The data: Begin
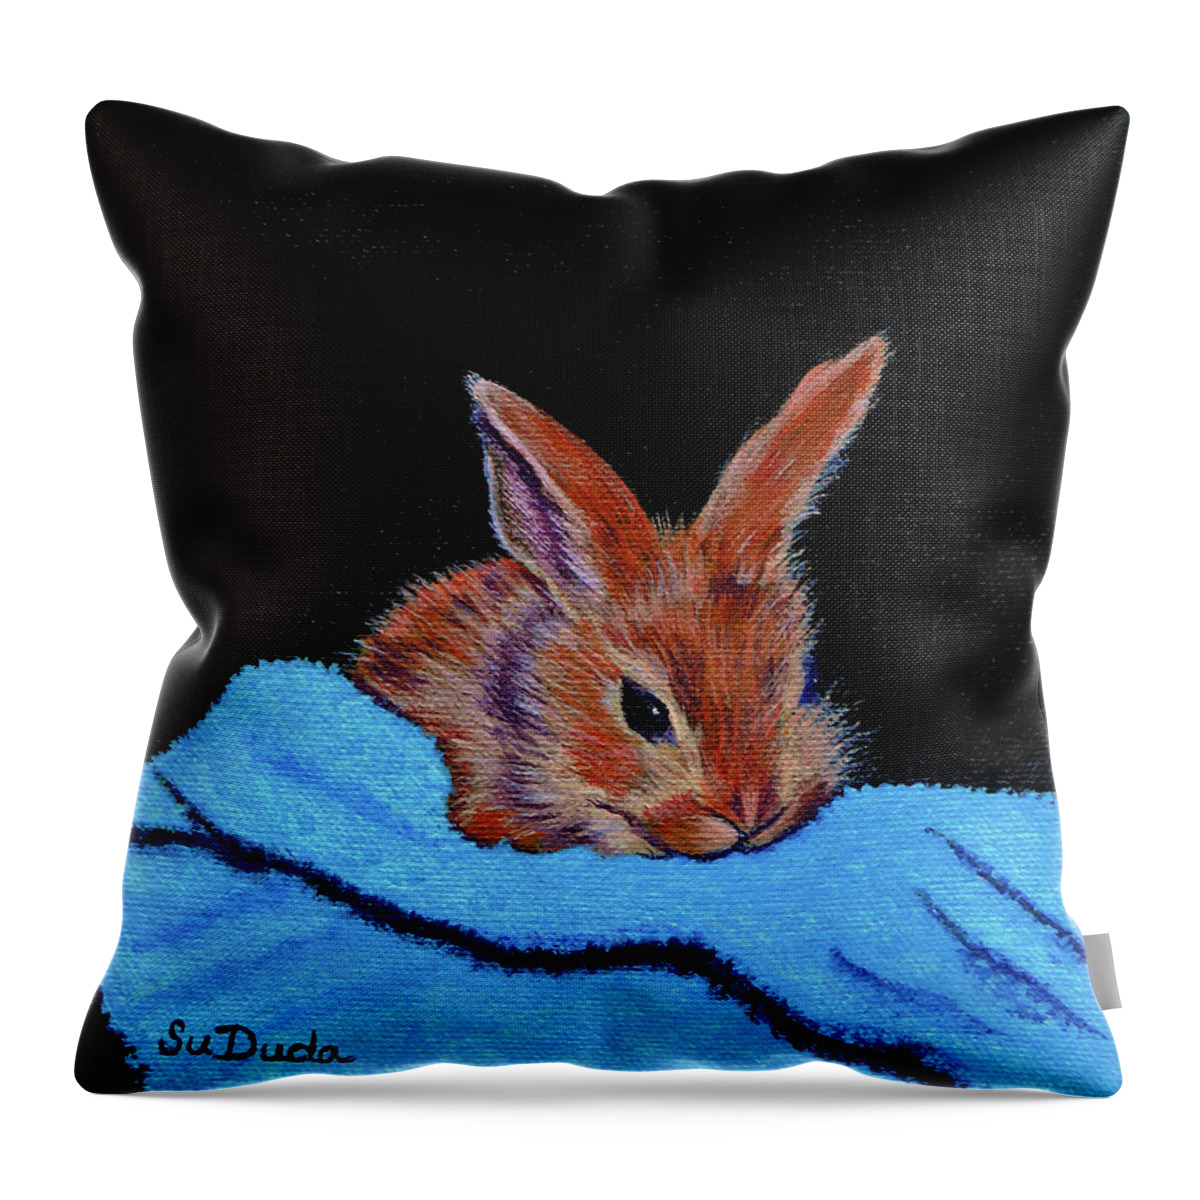 Butterscotch Bunny Throw Pillow featuring the painting Butterscotch Bunny by Susan Duda
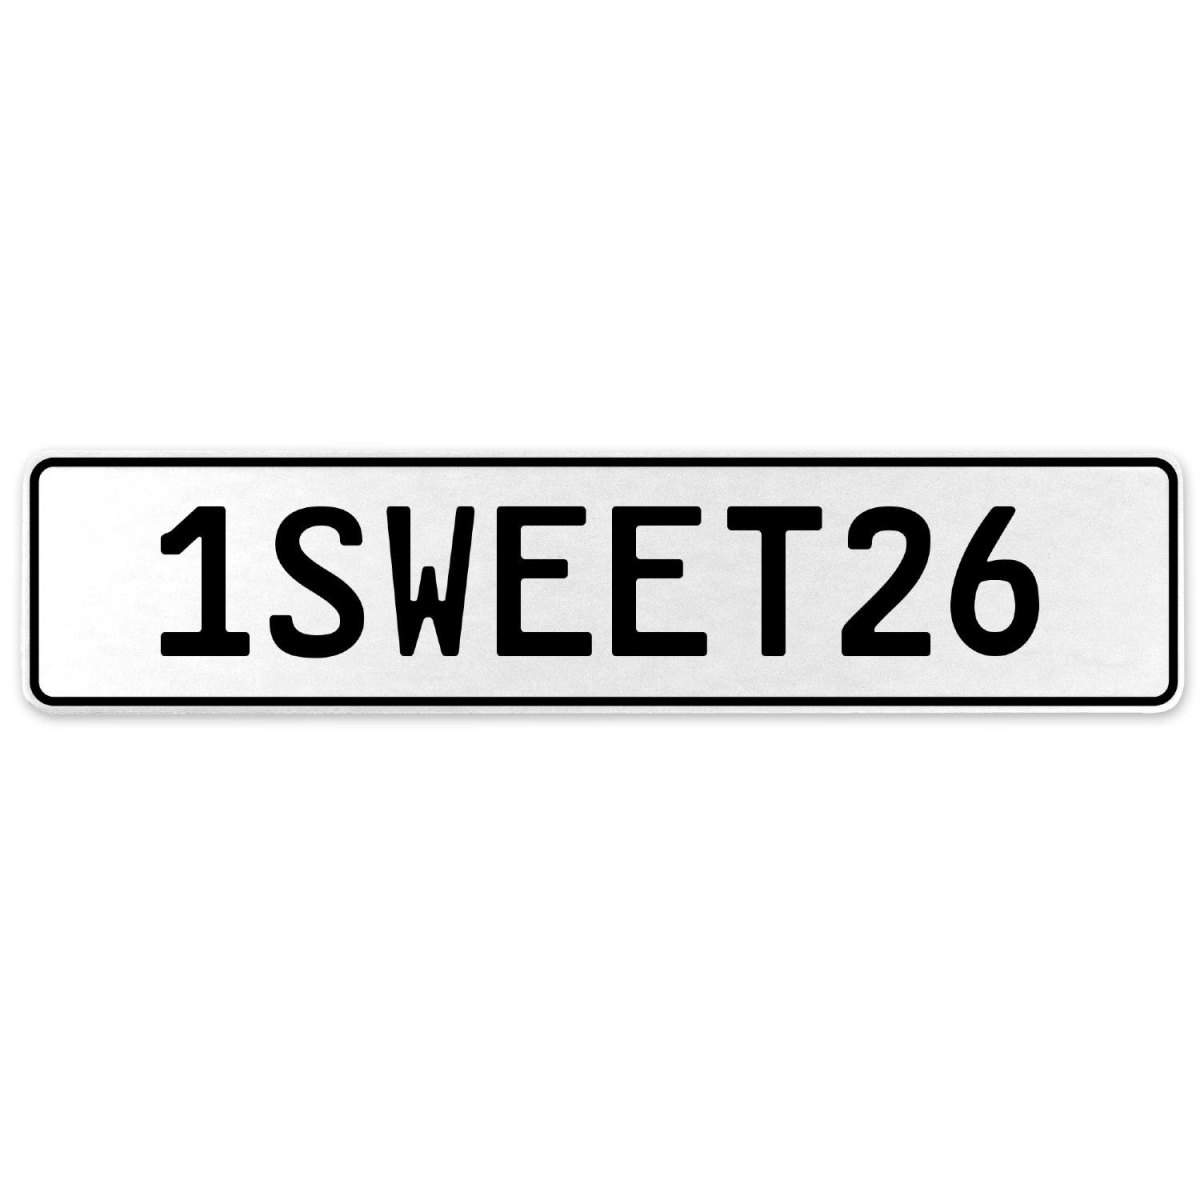 554227 1sweet26 - White Aluminum Street Sign Mancave Euro Plate Name Door Sign Wall
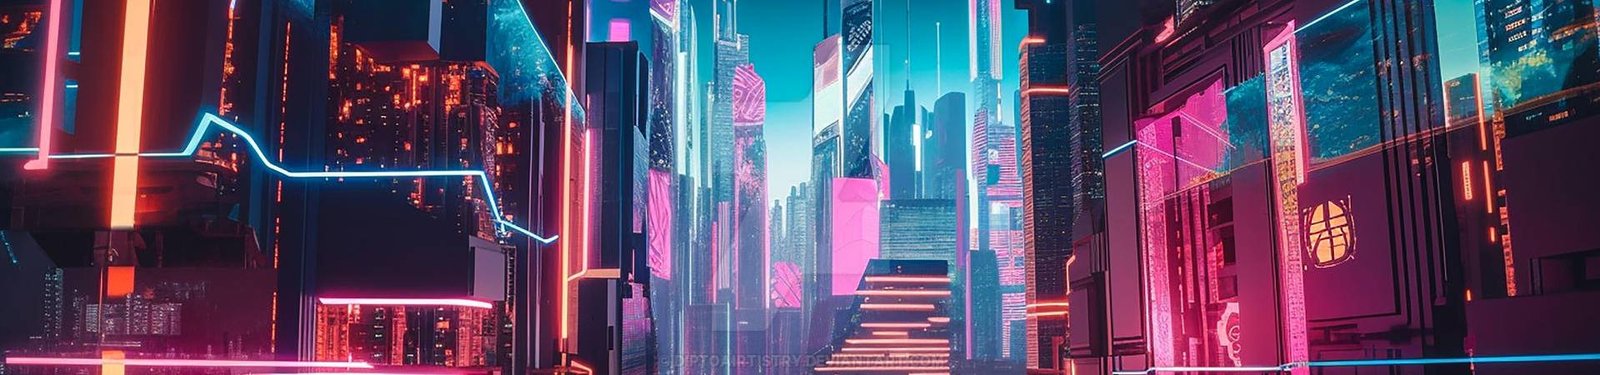 a_sleek_futuristic_cityscape_with_neon_lights__ai__by_diptoairtistry_dfxd9ns-fullview
The data: End
With images left out, the data must be transcribed exactly.

## Answer to this problem
 Butterscotch Bunny Throw Pillow featuring the painting Butterscotch Bunny by Susan Duda
 554227 1sweet26 - White Aluminum Street Sign Mancave Euro Plate Name Door Sign Wall
 a_sleek_futuristic_cityscape_with_neon_lights__ai__by_diptoairtistry_dfxd9ns-fullview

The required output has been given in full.